I was completely unprepared to deal with her. To this day I a reluctant participant in her life. It is not because I don't love her it is because I do. It is just too difficult to be around someone you care about and feel so helpless. I had to learn how to process her not so typical responses to normal conversation. Many times she would say something that would trigger anger in those on the receiving end. I am still learning and at times not doing a very good job of it.
She believes in her heart that you should share whatever you have with the less fortunate. She does not comprehend why people should have more than they need, this goes for money, cars, clothes, computers, etc. She does live as she sees the world. She has brought homeless people to her house for a meal and a shower. She has put homeless people up for weeks at a time. She frequently will go without so others don't. She does some charity work with the church and donates money when she only has a few dollars in her pocket. When she has donated, given away or simply spent all her money she will make sure that her cat has food before she does. I am not saying my sister or my behaviour towards her is right or wrong. It just is what it is.
I was reluctant to post this information but after giving it some consideration it may help others to understand how and why at least one person became homeless. It may also give a little insight as to why their family members are reluctant participants in their lives.
My post #43 (http://projectavalon.net/forum4/showthread.php?109126-A-homeless-drifter-in-my-town&p=1323061&viewfull=1#post1323061) was written as advice to others that may have contact with a homeless person that is suffering. From the outside, all may look well but I assure you there is something going on. Respect, patience and kindness go a long way. Again apologies if my post seemed harsh in any way.
Innocent Warrior
12th November 2019, 03:07
I don’t care what caused a person to be homeless, whether it’s through no fault of their own or whether they messed up somehow, whether it’s by choice or not. It’s their life, that’s nobody else’s business.
I also don’t care if they appreciate it or not when I give them something. I once gave 50 dollars to a man who was busking for money. I had watched him days before, he was obviously hungry and had nothing but a guitar. I watched him play his guitar, scrape enough coins together to buy a burger and then he scoffed it down on the cement steps outside of the shop.

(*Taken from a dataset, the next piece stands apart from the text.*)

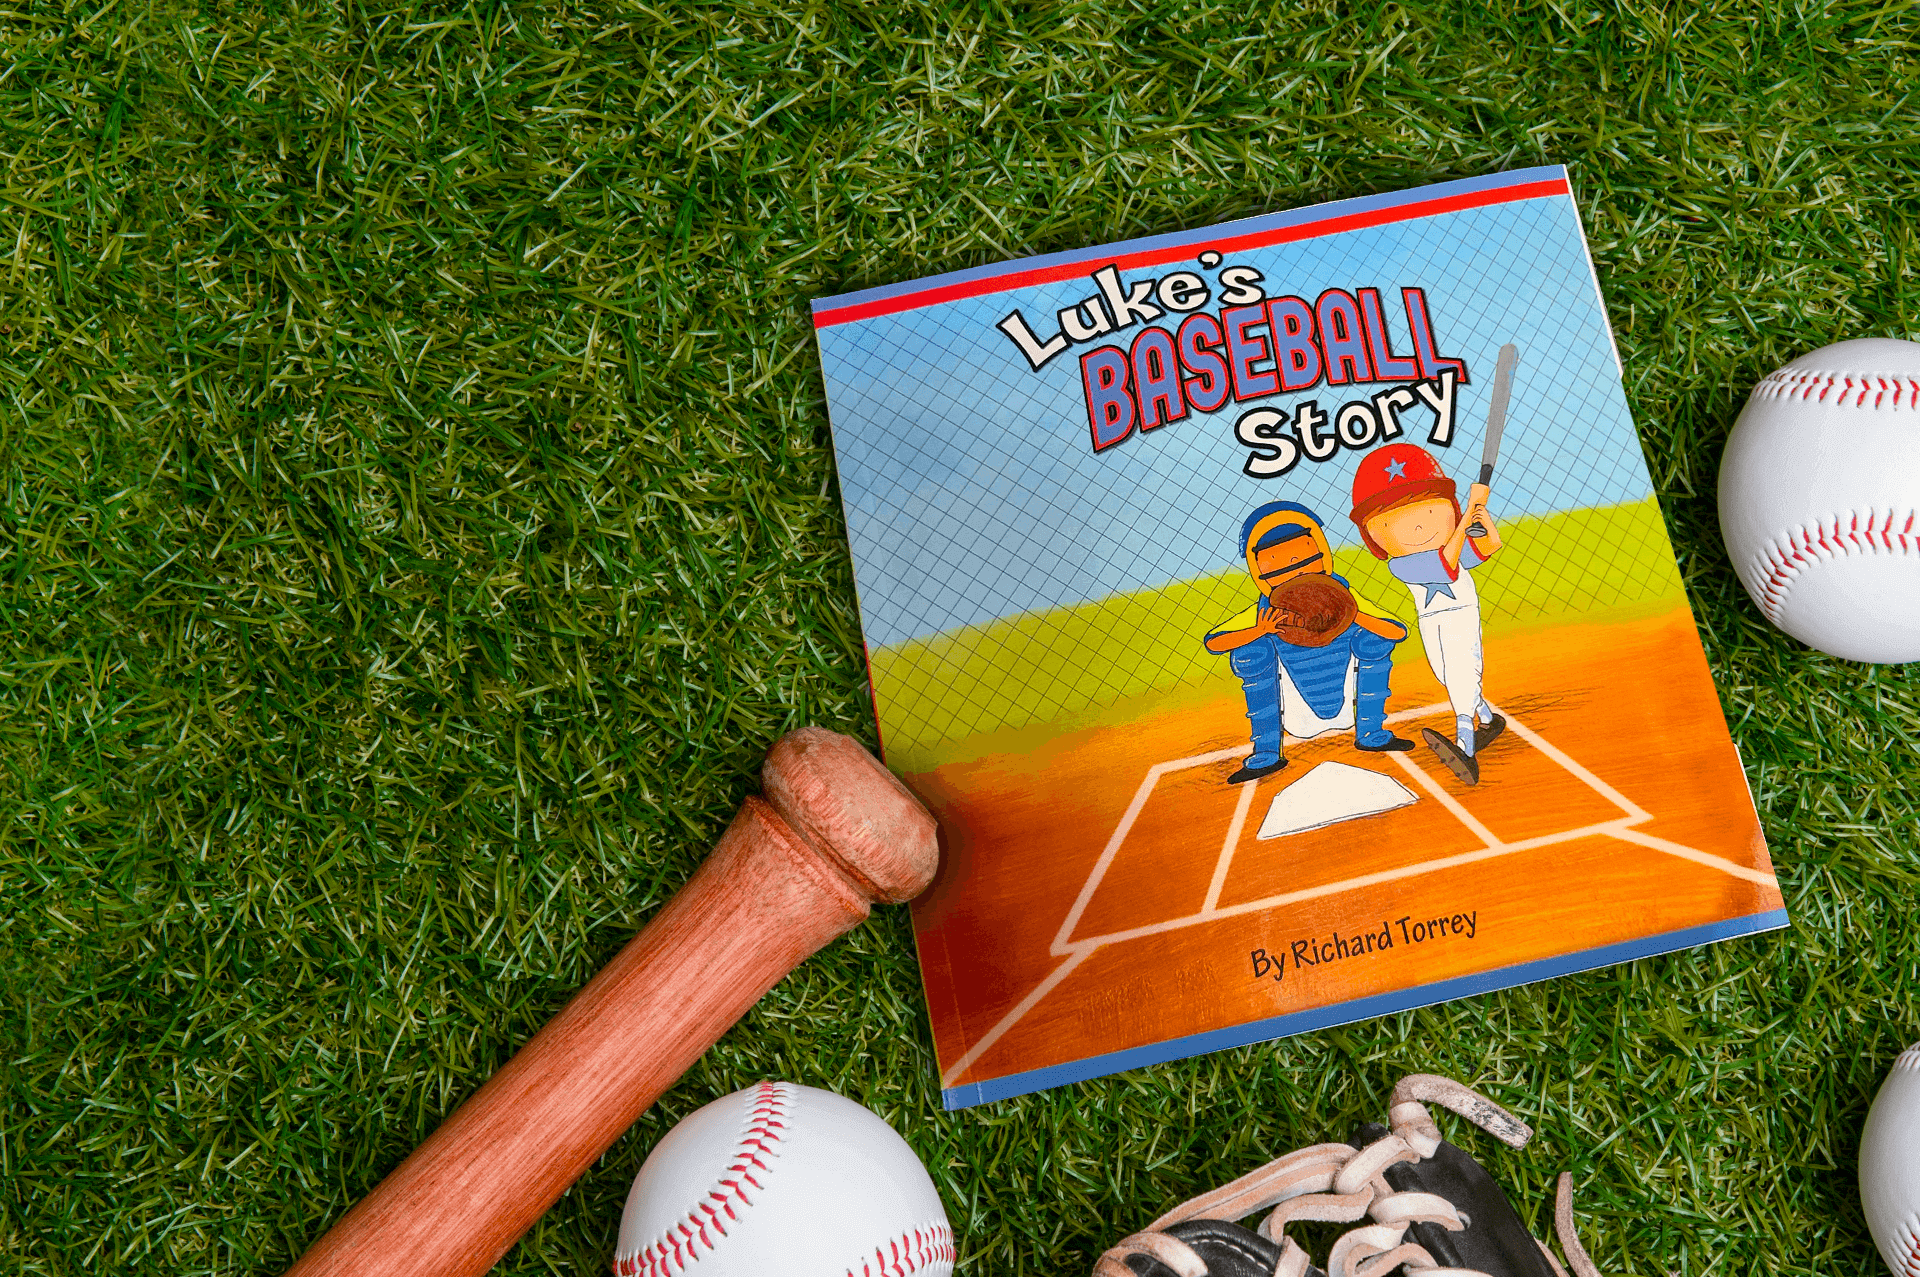 Luke's Baseball Story book in large image

He was beaming when I gave him the money when I next saw him and then insisted he play me a song, then he proceeded to play a crappy song that he seemed to make up on the fly and it was about him being gay. In his mind it seemed more likely I wanted something from him than it being given to him out of kindness.
I’ve handed a packet of cigarettes to a woman going through the ashtrays for butts, she didn’t look up, just took them and walked off.
Whatever restores a little dignity, makes their life just a little easier that day, and sends the message that this world isn’t completely heartless, I’ll do, no conditions. It’s just money and stuff, I have enough, and it’s nothing compared to a human heart.
TomKat
12th November 2019, 03:11
I’ve handed a packet of cigarettes to a woman going through the ashtrays for butts, she didn’t look up, just took them and walked off.
Some of them seem to be operating at an animal level.
thepainterdoug
12th November 2019, 23:11
RGRAY
IM SURPRISED! i didn't find your response offensive at all. I agreed with you. so NO APOLOGY NEEDED!!
I apologize for wording an unclear response if thats what you gleaned from it.
and Innocent Warrior, exactly! Totally agree.